Entrevista: Conhecer o Porto através de um tour vegetariano

Maria Cramês cresceu na Invicta e é «concierge». Montou tours específicos, dois deles para vegetarianos e para judeus, desenha experiências à medida e organiza eventos.

Maravilhas do Porto, Jardins do Porto e O Bolhão e as suas gentes são alguns dos tours de Maria. Todos incluem refeições a pensar em quem têm restrições alimentares, nomeadamente vegetarianos, vegan ou judeus ortodoxos.

O que isso de ser concierge de turismo?
O concierge é uma pessoa que resolve todos os assuntos, que sabe receber, que desenrasca, que tenta ir ao encontro de tudo o que lhe é proposto. Literalmente significa porteiro. Achei que a palavra descrevia aquilo que eu faço.

Como surgiram os tours para vegetarianos e para judeus?
No início tive de conhecer o mercado. Depois percebi que havia lugares que eram sempre requisitados e aí montei os primeiros tours. Tenho, claro, o dos hot spots da cidade, em que tento dar outra perspetiva do Porto, por exemplo trazendo as pessoas para a Afurada ou para as praias de Gaia. Mas há cerca de seis meses decidi mudar o negócio. Como tenho uma vida diferente da da maioria das pessoas e o negócio é meu, queria que ele transmitisse o meu lifestyle. Sou vegetariana há 14 anos e, quando viajo, gosto de conhecer outras culturas mas não saio do meu regime alimentar. O que fiz foi pôr-me no lugar de pessoas como eu, que vêm ao Porto. Criei um tour especificamente para vegetarianos e alterei os outros, mais genéricos – quando incluem refeições têm sempre uma opção vegetariana.

E o Porto é vegetarian-friendly?
É, mas não está a saber comunicá-lo da melhor forma. Na nossa gastronomia, temos muitas opções vegetarianas: um bom arroz de feijão malandrinho, uns grelos salteados, as nossas saladas, umas favas estufadas, a nossa sopa… Bastaria colocar à frente dos pratos a indicação de que são opções vegetarianas. Normalmente a resposta dos restaurantes tradicionais é que têm omolete ou salada. É preciso ser insistente e perguntar pelos acompanhamentos…

Mas a Maria já está habituada?
Exato, mas um estrangeiro não sabe, precisa de ser orientado. E um vegetariano como eu é muito feliz em restaurantes tradicionais. Eu gosto muito do tempero português e uso-o quando cozinho. Só não uso a carne e o peixe, o resto está lá tudo. Depois, os vegetarianos gostam da natureza, desse contacto, e são sensíveis a determinados temas. E nestas propostas incluo a visita a espaços como este, o Cantinho das Aromáticas, onde é possível fazer um trabalho na terra, e aos jardins do Porto. Visitar a Quinta de Villar d’Allen, por exemplo, é um privilégio fantástico.
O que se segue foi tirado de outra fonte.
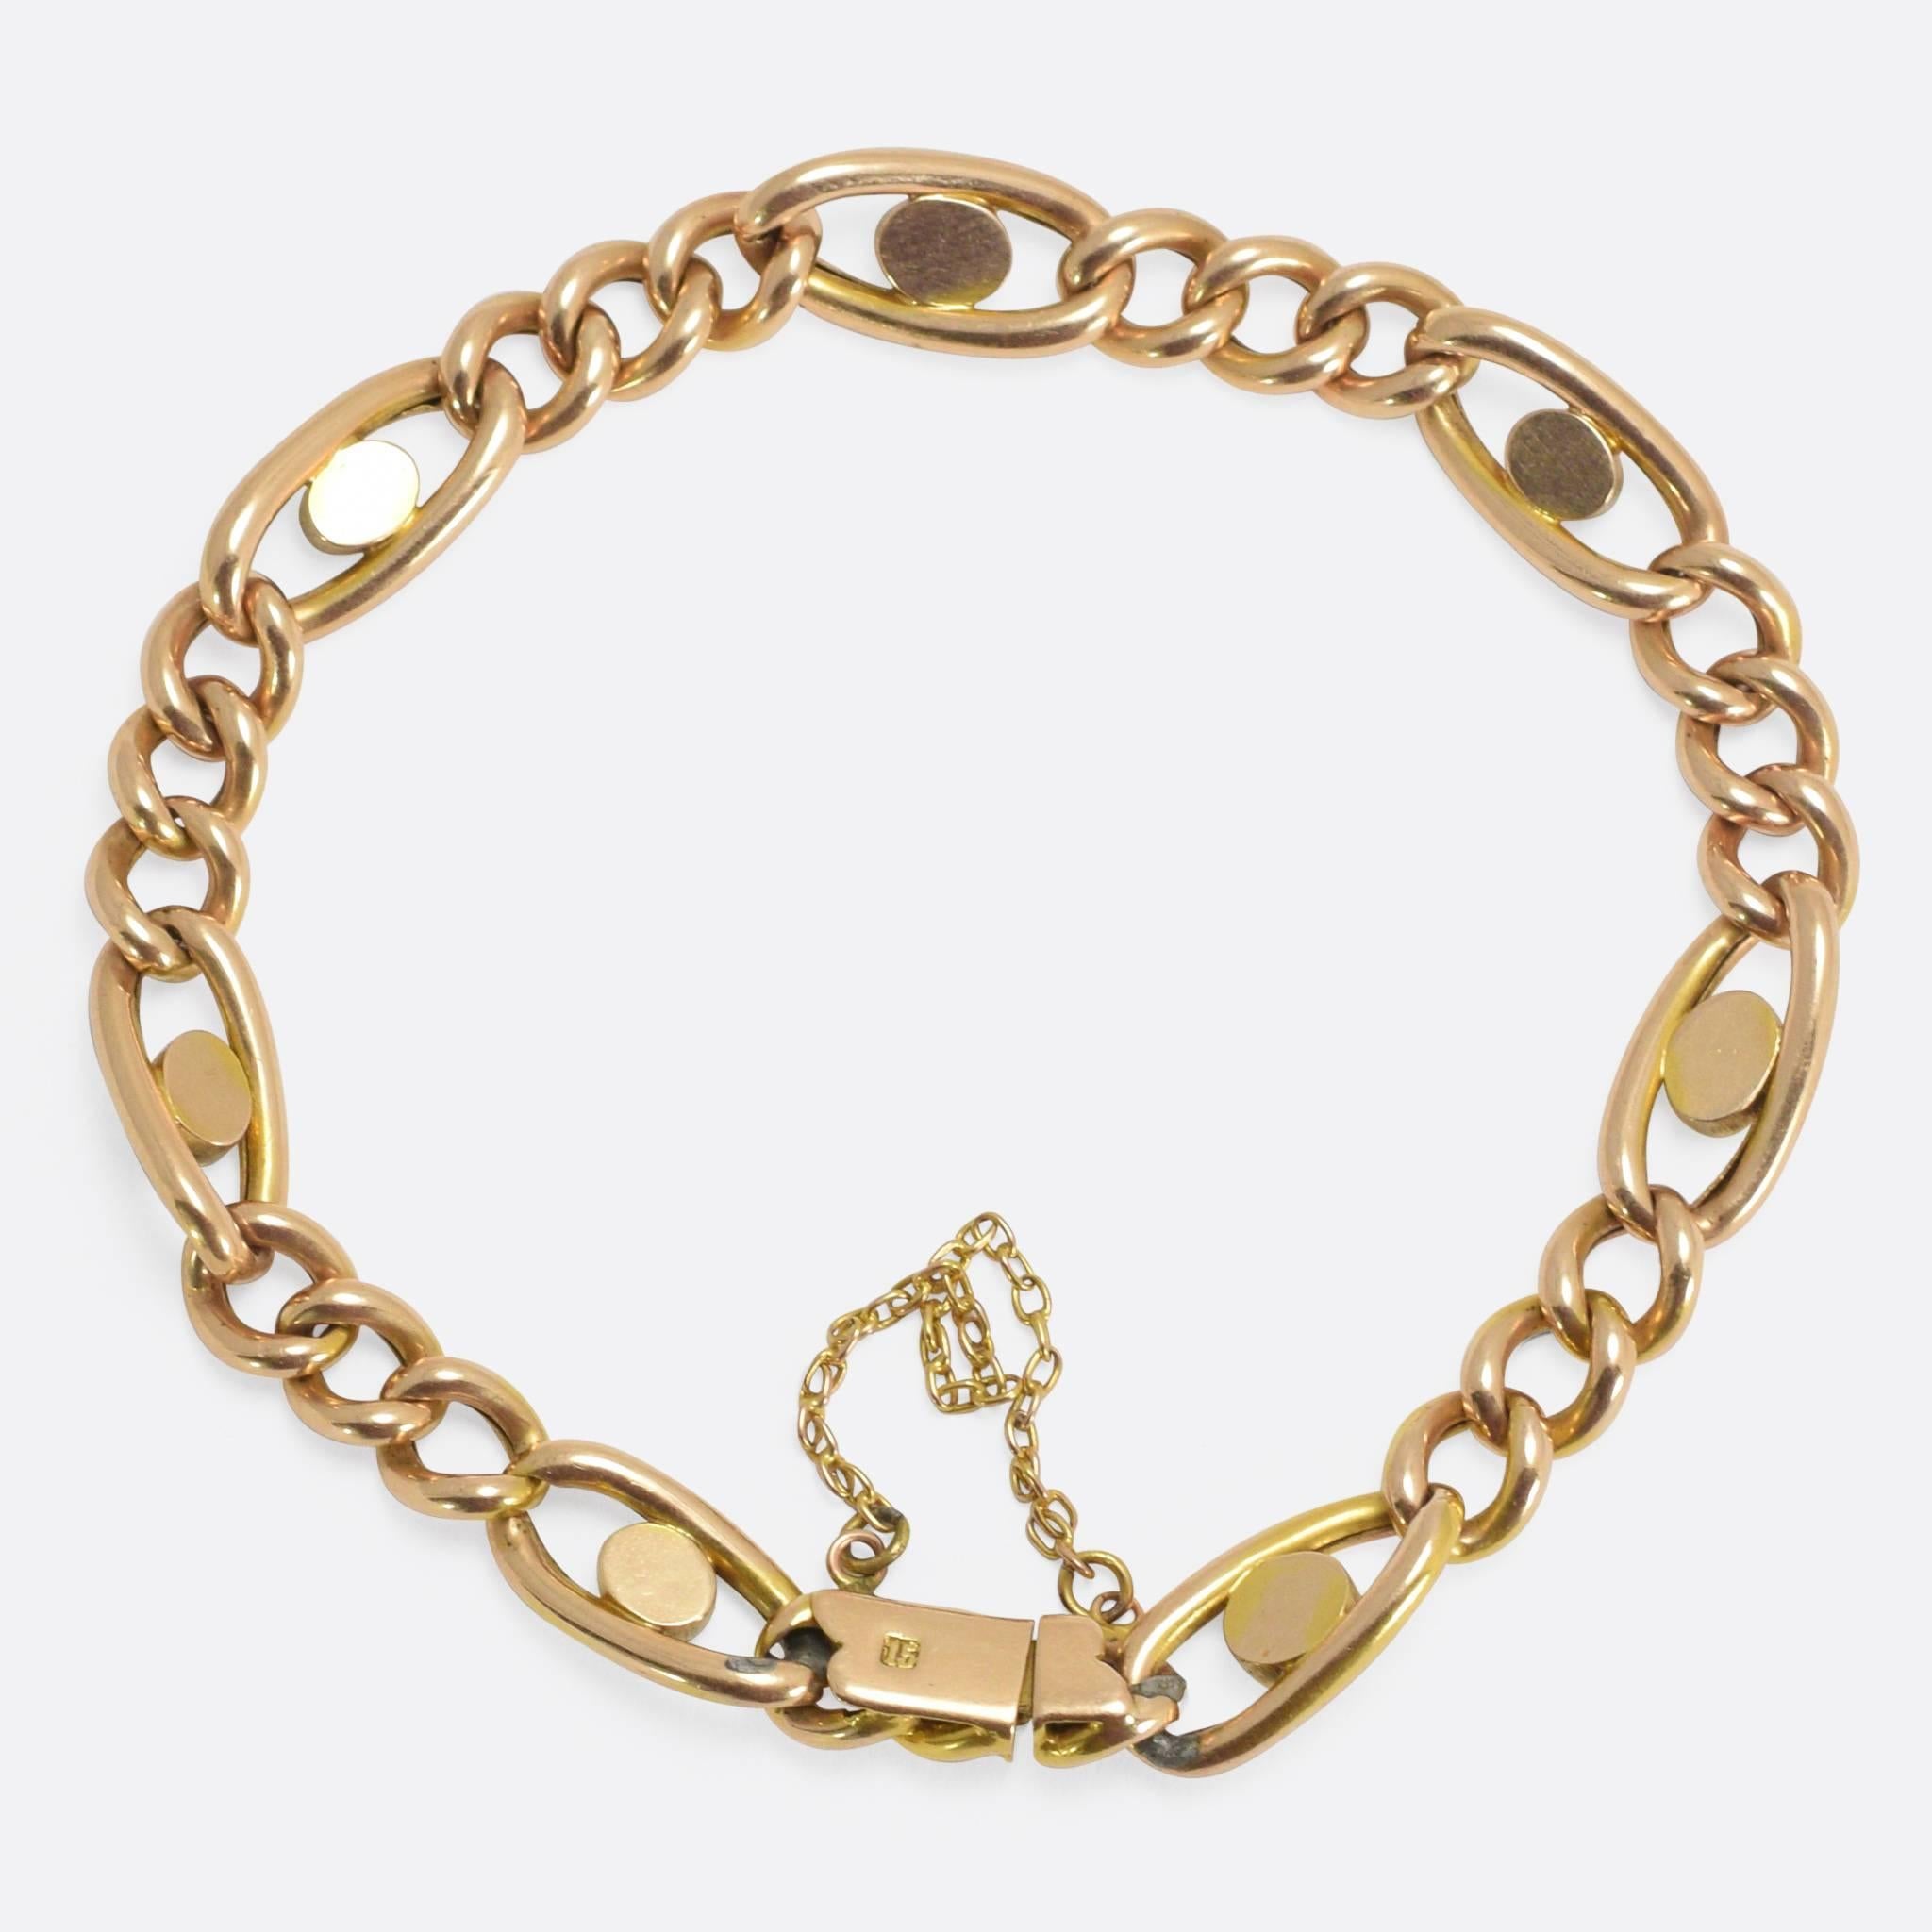 This elegant antique bracelet is modelled in 15k yellow gold, the classic curb-links modelled in 15k yellow gold. Every fourth link is formed as a wider oval, with a turquoise cabochon stone set in the centre, the design does not look unlike an eye

E o tour judaico, em que consiste?
Alguns judeus quando viajam mantêm a tradição de comer comida Kosher. É outro segmento de turismo que está a crescer e eu contactei a sinagoga do Porto, que é a maior da Península Ibérica, e consegui desenhar um tour que leva a conhecer a história judaica da cidade, passando naturalmente por essa referência que é a sinagoga, e que inclui uma refeição. Tenho um fornecedor que me garante a comida Kosher certificada e o almoço é servido aqui no Cantinho das Aromáticas, onde é passada uma parte do dia e cujos produtos têm certificação Kosher.

Que horário faz um concierge?
Não há [risos]. É disponibilidade total. Mas, quando fazemos aquilo de que gostamos, é fácil.